Wednesday, November 12, 2008

A Weekend With A Mustache: A Social Experiment

Part Two: The Plight of Tom Selleck.

Its been a week or two since I first posted my blog about my little stash experiment and now here is the much anticipated second installment of my life as a mustached man. I think it would be good to start out with a little bit about this experiment and what my intentions were in performing such an awesome feat.
When I first decided to keep my mustache a couple Saturdays back, I did so because I wanted a real-life look at what it is to have a mustache in modern 21st century America. Having a mustache to go along with my police uniform for Halloween was great, but I didn’t want such an aw-inspiring thing to be wasted or taken lightly as just some sort of humorous accessory. For this reason I knew I needed a more accurate look at what life is like for these incredible men (and some Italian women). Much like a great actor researching a part for a movie, I wanted to delve into the psyche of the mustached man. I wanted to eat, drink, sleep, drink, shower, walk, drink, talk, drink, and just all out live “Mustache.” I wanted young men to look at me with envious admiration. I wanted women to shoot me scandalous, come-hither looks as if to say “you have a mustache and its not at all creepy.”
Now that you know my purpose, let’s just get right into it shall we? Many people take the mustache for granted, like it’s a simple outcropping which lives above a man’s lip, but truth be told there’s some history there. The word mustache itself comes from the French moustache, which is derived from the Italian mustaccio, from Medieval Greek moustakion which originates from the Greek mustax (mustak-) meaning “fucking sweet”. The mustache has had a rather spotted past with many ups and downs. The first known mustache dates all the way back to 300 BC to a portrait of a Scythian man on horseback sporting a rather impressive stash. Throughout history it has been a sign of nobility, poverty, power, rank, and of course sexual prowess. In many Western cultures the mustache was actually a requirement for military soldiers, serving as a symbol of rank or status. Higher the rank, cooler the stash (see civil war generals).
Throughout history the number of mustache styles has been rivaled only by the number of men who have adorned them. Some of the most note-worthy, and influential (for better or for worse) mustached men include: Joseph Stalin, Mark Twian, Adolph Hitler, Salvador Dali, Albert Einstein, Frank Zappa, Dennis Eckersley, Freddy Mercury, John Holmes, Derek Sanderson, Ned Flanders, Joe Dirt, and of course famed “Mike Tyson‘s Punchout“ boxer, Bald Bull.
Now that we know a little bit about the significant role the mustache has played in shaping the world today, let us move on to my own personal mustache experience. Up until now I have glorified the mustached man, however the life of Stashius Americanus is not all wine and roses. There are many aspects of having a mustache that most people don’t realize, for instance did you know that if you have a mustache the only cologne you are allowed to wear is either Stetson, or English Leather (though we are working on Sex Panther by Odion)? Also did you know that if you go to a bar and order a drink, no matter what you order they will always only bring you a shot of jack and an Old Milwaukee Tall. Its pretty screwed up. Also if you smoke, no cigarette other than a Marb Red will light. I’m serious you go to light it and it goes right out.
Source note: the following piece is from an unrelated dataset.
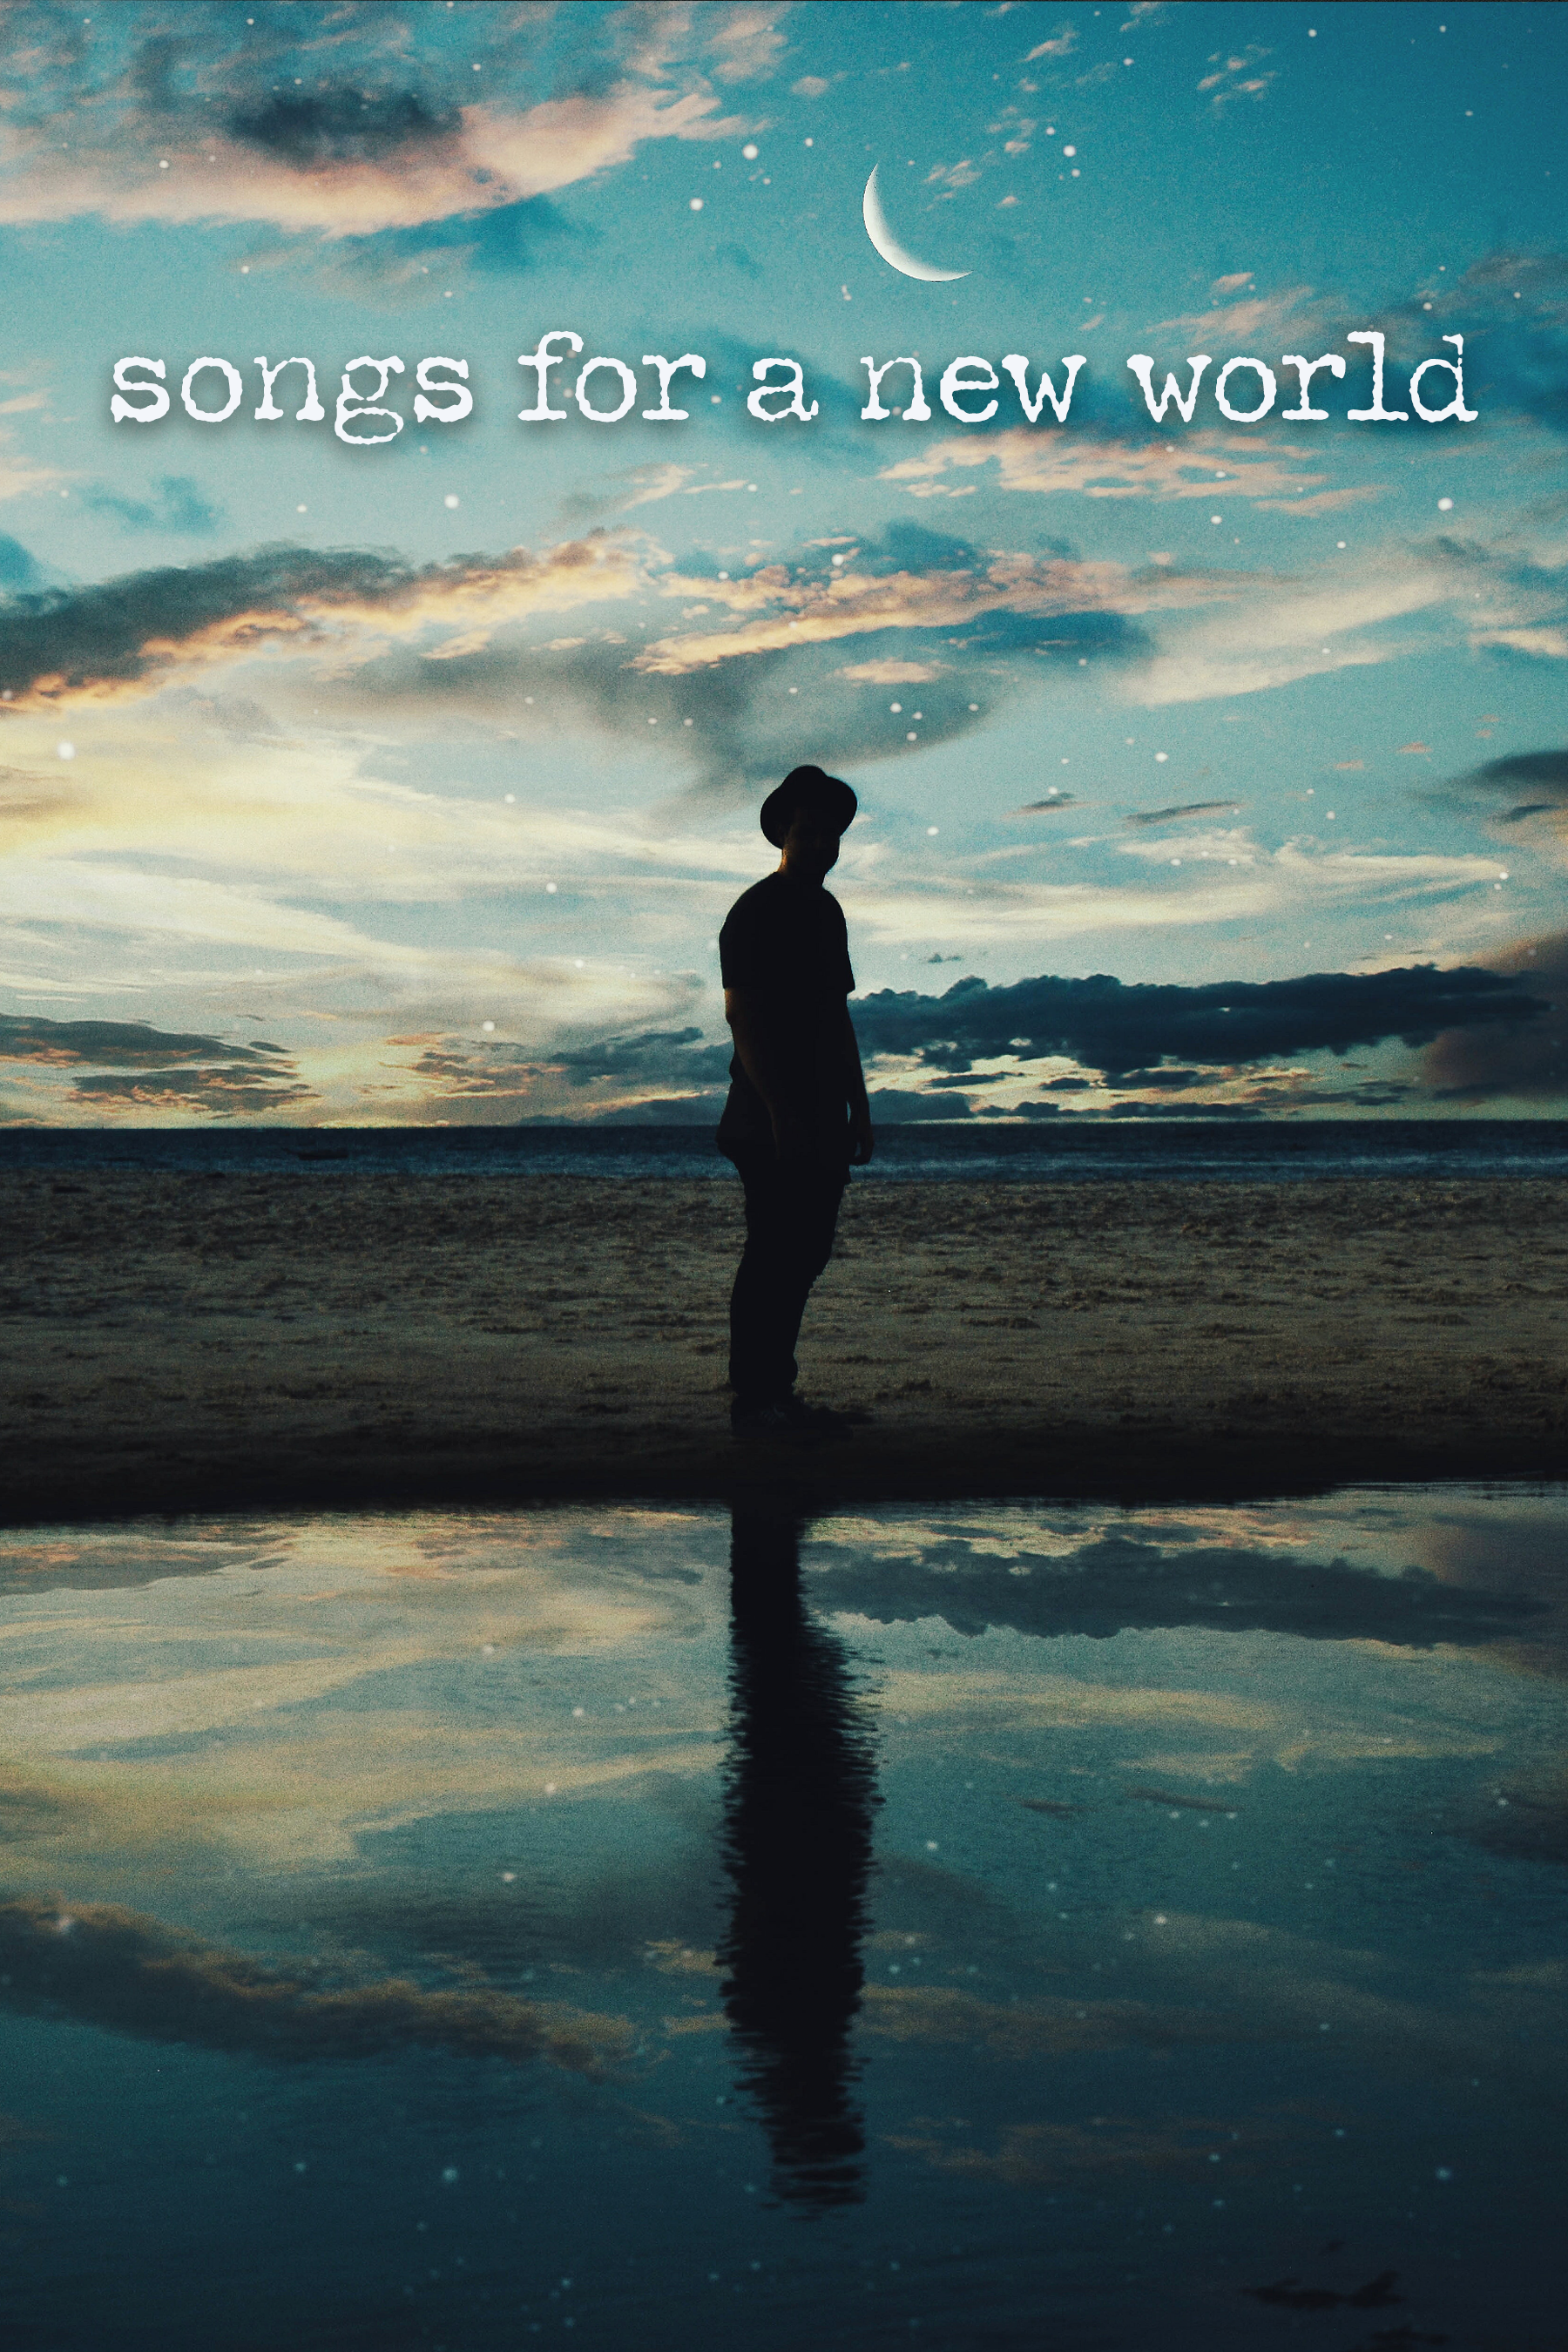 Songs for a New World Poster
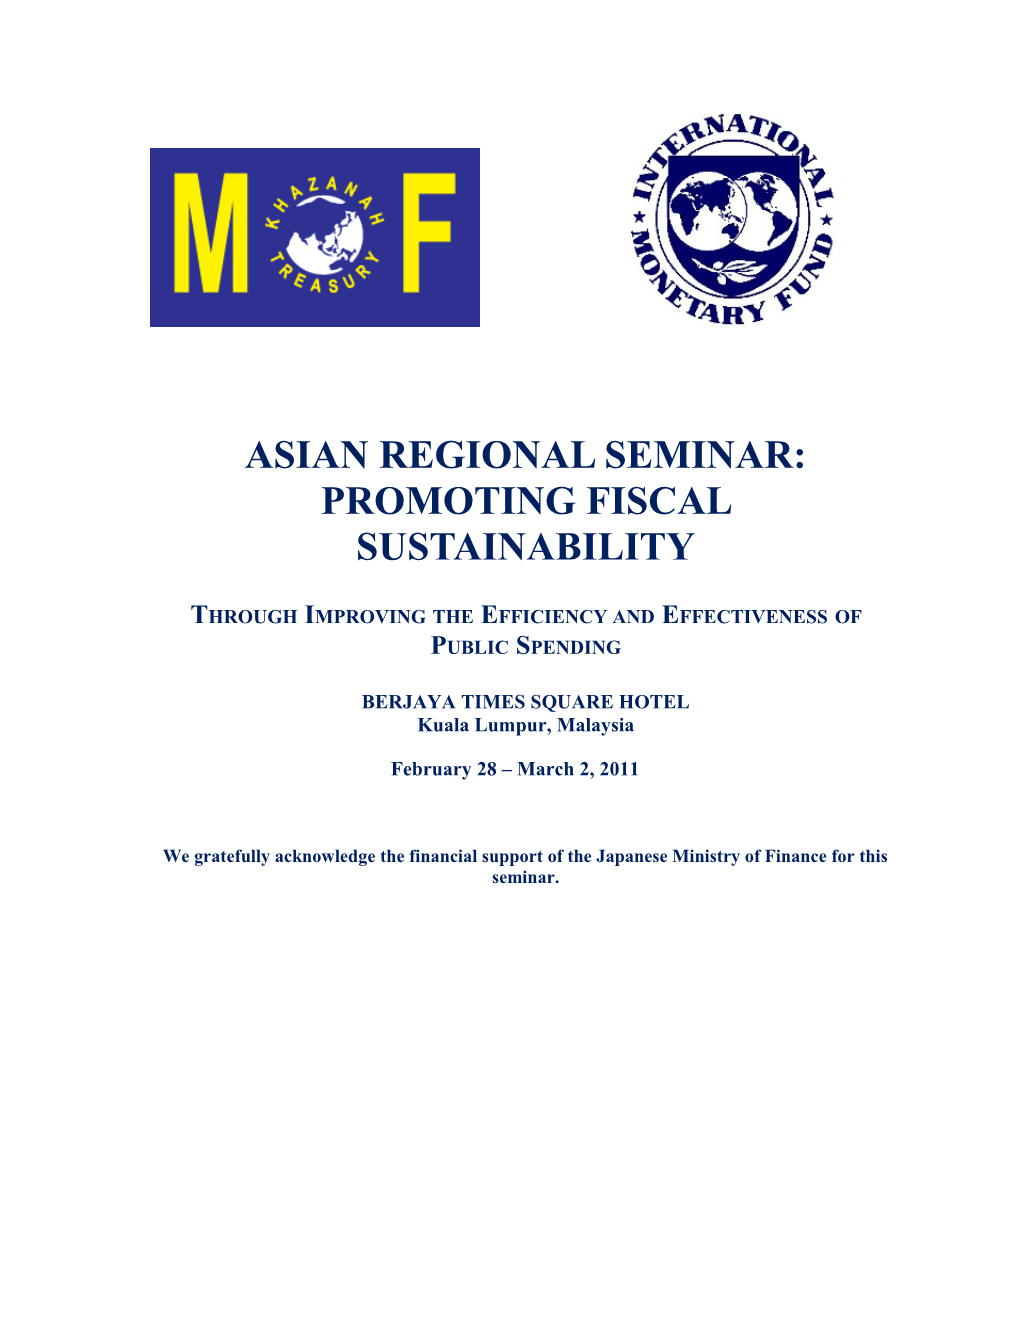 Asian Regional Seminar: Promoting Fiscal Sustainability

And you have to use either matches, or a zippo that has the Jim Beam logo on it. Luckily I drive a pick-up, otherwise I’d have to walk everywhere. Or ride a horse who would also have to have a mustache which I’m not sure is even possible. Breakfast is particularly difficult. All you’re allowed to have is black coffee, cigarettes, and the Denny’s grand slam. You’re expected to dip during job interviews. People constantly mistake you for John Oates and ask you to sing ”Maneater”. If you get admitted to the hospital, no matter what ails you, they give you two Aspirin and tell you to stop being such a pussy. Ten AM is too late to begin drinking. No sports involving extensive running will work as you are constantly in boots. Finally you are required to visit a lumber yard at least once a day.
It is true that the life of the mustached man is one riddled with many different challenges, but if you can get by all that, you will find that having a mustache can be quite rewarding. I would be lying if I said I was 100% happy to shave my mustache on that cold gray Monday evening. I knew I looked good. I knew my friends wanted to be like me, wanted to wield such a chick-slaying weapon as I had done with such poise and class the three days prior. However out of fear of getting thrown out by Jule, and in order to avoid constant arm wrestling challenges at work, I knew that my personal stash-bashery, like all good things, must come to end. So in the same way I had brought my mustache into this world three days earlier, I would have to remove it…………with a razor in my hand, and a tear in my eye.




1 comment:

Scratch Head said...

That, my friend, was amazing! Thinking about changing my vote on "The Decks" blog to Just Stop it so yours would be the only one! Gold! no not Gold....SOLID FUCKING GOLD!!! Well done!